The day was hot for that part of the northwest coast. So hot that the second man was shirtless. A little Chihuahua trailed behind him. Once in awhile he would stop and speak to it so that it kept up with him.
The guy on the riverbank took a draw on his hand rolled cigarette. “Hey,” the second guy called to him, as he came up, “You got an extra rolling paper?”
Riverbank guy looked at shirtless man and saw his dirty hands and unkempt hair. Just a grifter, he knew. They were rife in that part of the world, something he had learned when he emigrated to the area a few years ago.

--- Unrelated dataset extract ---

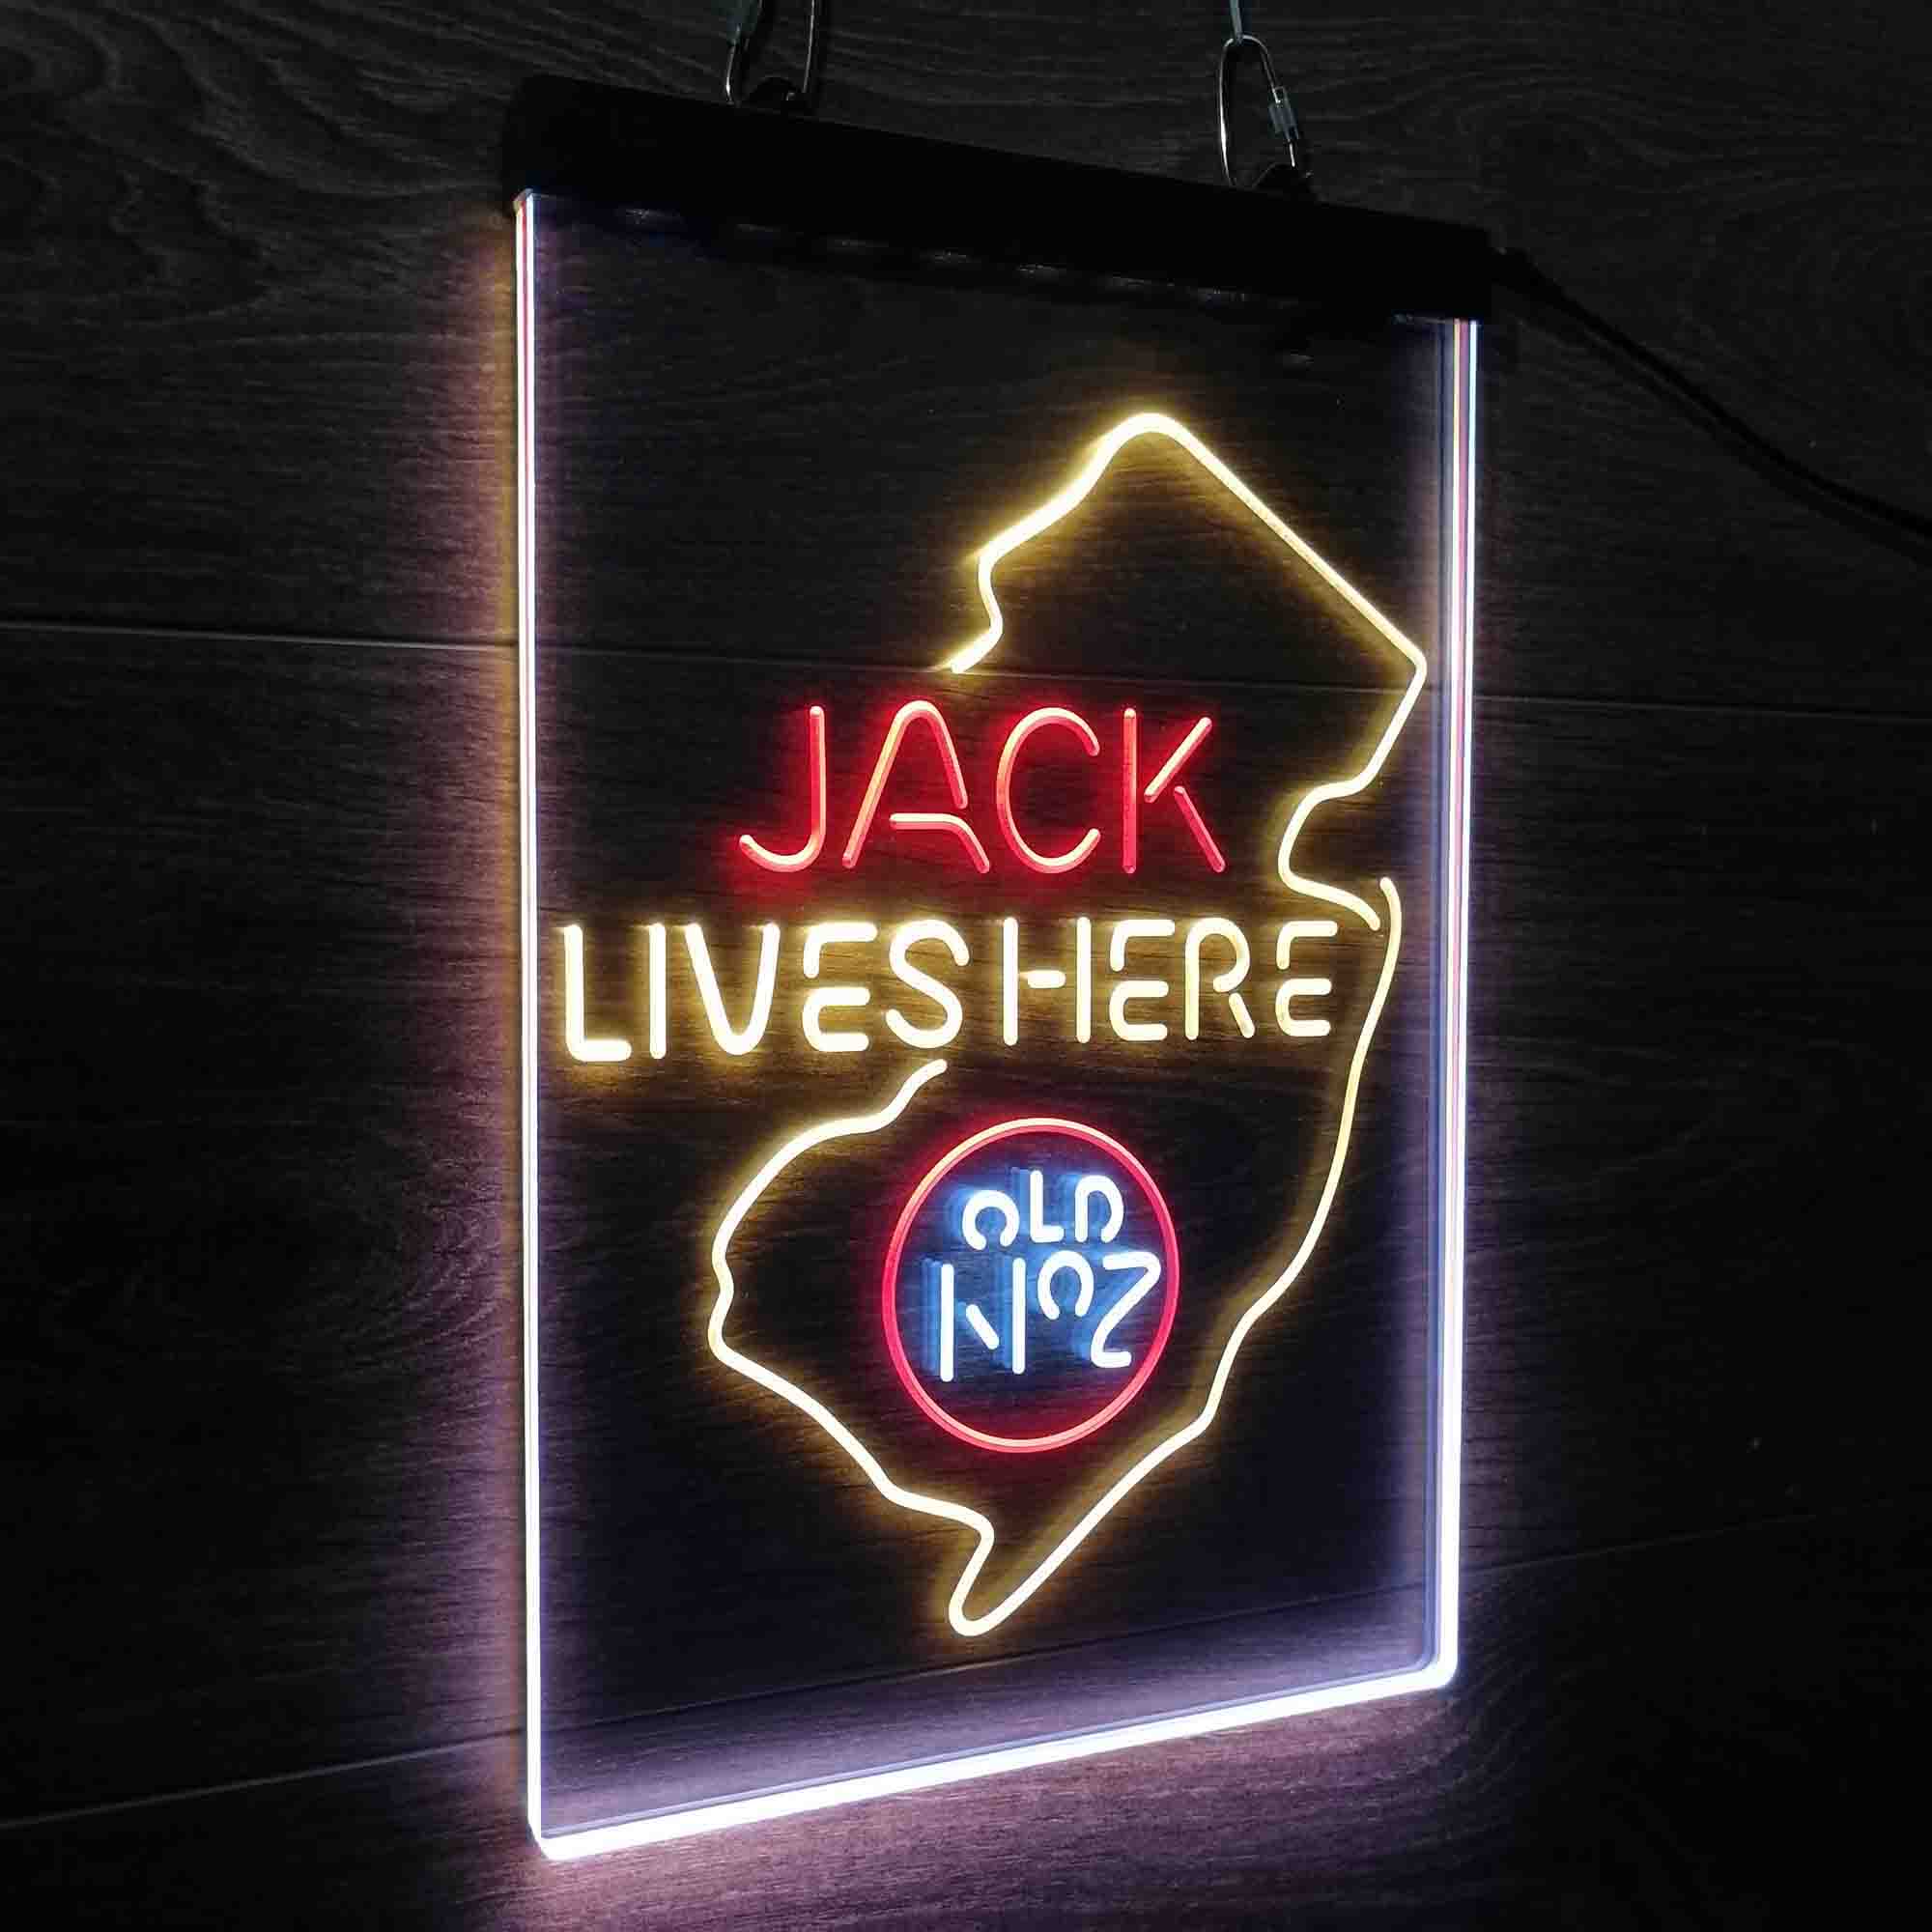 New Jersey Jack Lives Here Neon 3-Color LED Sign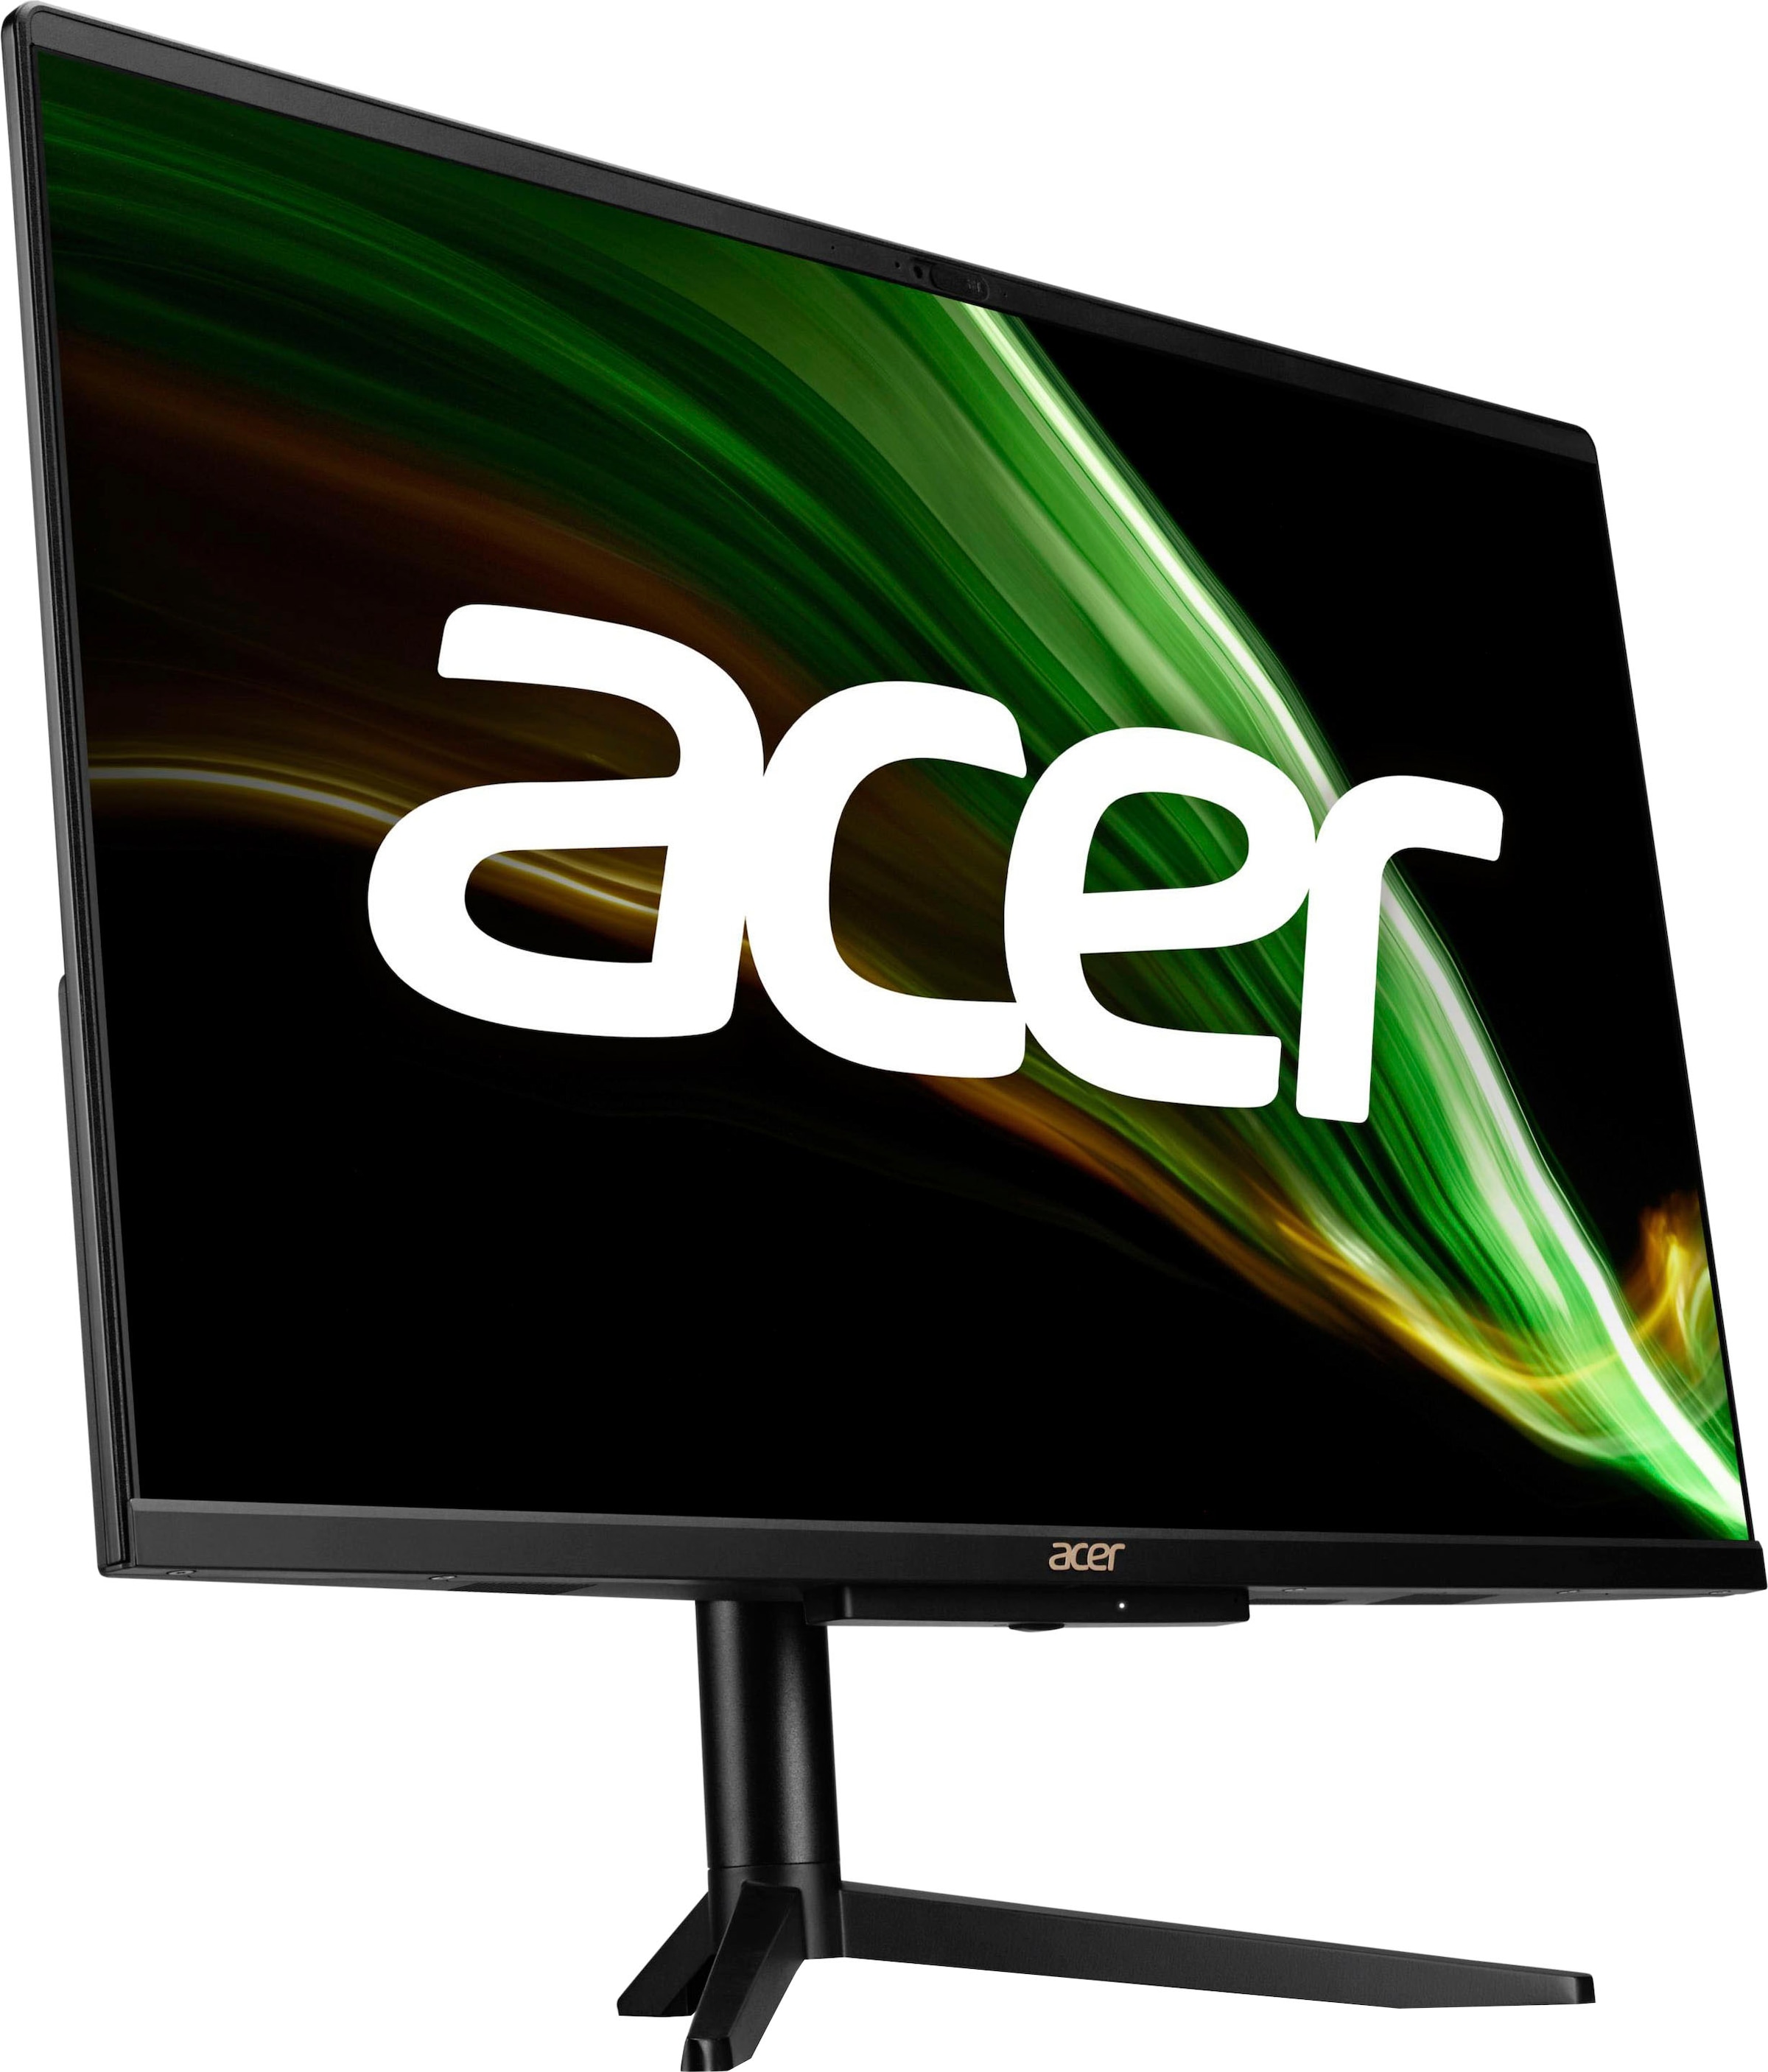 | PC BAUR »Aspire C24-1600« Acer All-in-One

“No, sorry, I left them at home.”
“Ah, that sucks. Well, they’ll sell me like 60 for a dollar at the store,” the second man walked backwards, continuing on his way.
“Yeah, that’s not bad.” The stingy guy wrinkled up his nose. As the second man turned away, the little dog squatted to take a piss not two feet away from where he sat.
Damn riffraff, he thought.
Evening on the river, Hoquiam, Wash.
Based on a true story
The fiction above is a rendition of an experience I had on the riverbank recently in my hometown of Hoquiam, Wash. Except I really did leave my papers at home; otherwise I would have shared. I mean, who can’t spare a rolling paper?
It can feel like Hoquiam is full of people drifting around, trying to see what they can get whether they need it or not (and to be fair, most really do need it). This was a source of some culture shock when I first moved here. I grew up in rural and small town Indiana, where homelessness and destitution, if present at all, were at least not so visible.
There are plenty of people, here, who have a stingy and pejorative attitude toward the homeless and poor, like my alter ego above. I’ve also found a strong culture of sharing on the streets. This culture includes both the expectation of receiving help (to the point that some are affronted if you say no) and a willingness to extend help. On more than one occasion when I’ve been down-and-out, those helping me have said, essentially, “Hey, we’ve all been there.”
I prefer the sharing to the hating on people. However, I’ve come to believe, from certain New Age teachings, that no amount of sharing (or socialism, either) will ever fill the abyss of neediness. The only way to stop being needy is for the individual to shift from a feeling of lack to a feeling of gratitude and abundance.
Of course, feeling abundant makes it a heck of a lot easier to share, doesn’t it? But there is a big difference in sharing from a feeling of abundance and sharing from a sense that someday I’m going to be needy again too, so I’d better help. If, as I believe, vibration (the emotional quality or motivation of an act) creates reality, then sharing out of fear of future scarcity just perpetuates neediness.
Unfortunately, that fear of scarcity is the basis for the culture of sharing that accompanies the destitution in Hoquiam. The poor help each other because they’re afraid that someday they’re gonna need help – and around and around we go.